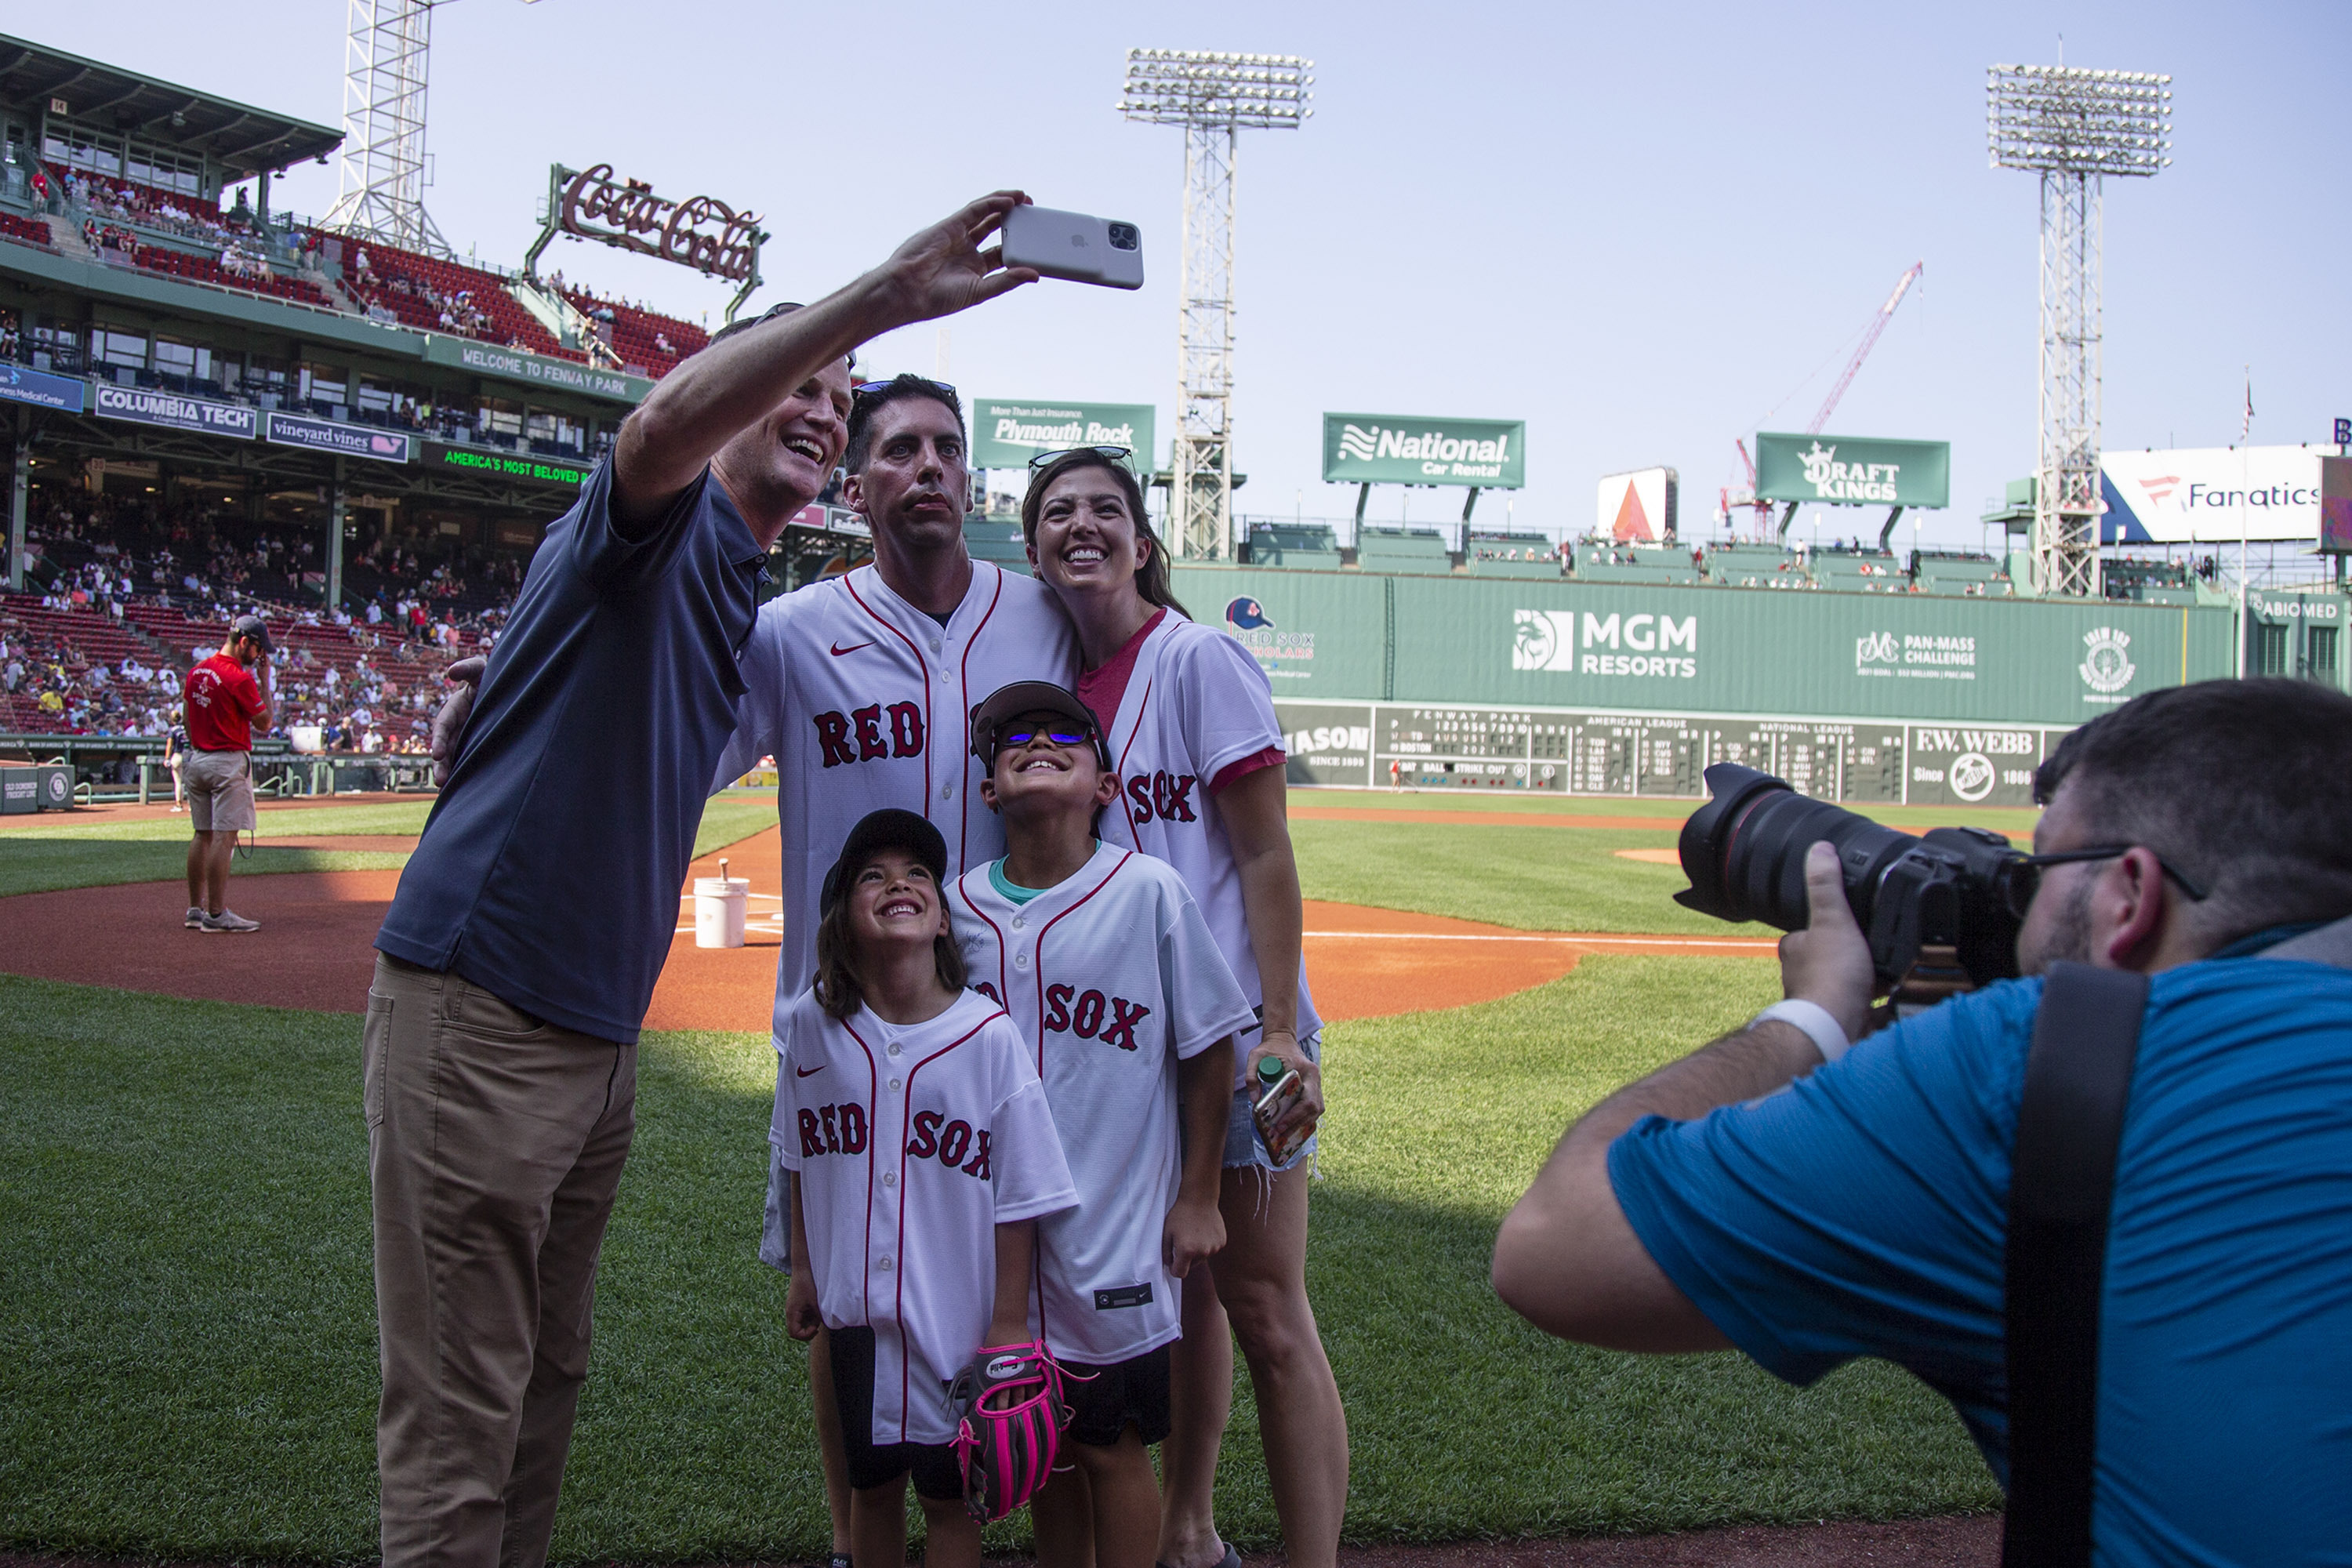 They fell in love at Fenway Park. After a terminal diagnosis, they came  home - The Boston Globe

■ ■ ■

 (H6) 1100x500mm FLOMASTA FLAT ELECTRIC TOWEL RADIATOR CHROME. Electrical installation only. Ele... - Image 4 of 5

■ ■ ■

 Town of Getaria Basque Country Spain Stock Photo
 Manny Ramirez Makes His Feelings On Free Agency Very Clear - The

■ ■ ■

> [Task details]: Each line in the entries above, starting at the line with "Town of Getaria" and ending at the line with "Manny Ramirez Makes", is to be printed exactly, and only those lines.

> [Response to this task]:
 Town of Getaria Basque Country Spain Stock Photo
 Manny Ramirez Makes His Feelings On Free Agency Very Clear - The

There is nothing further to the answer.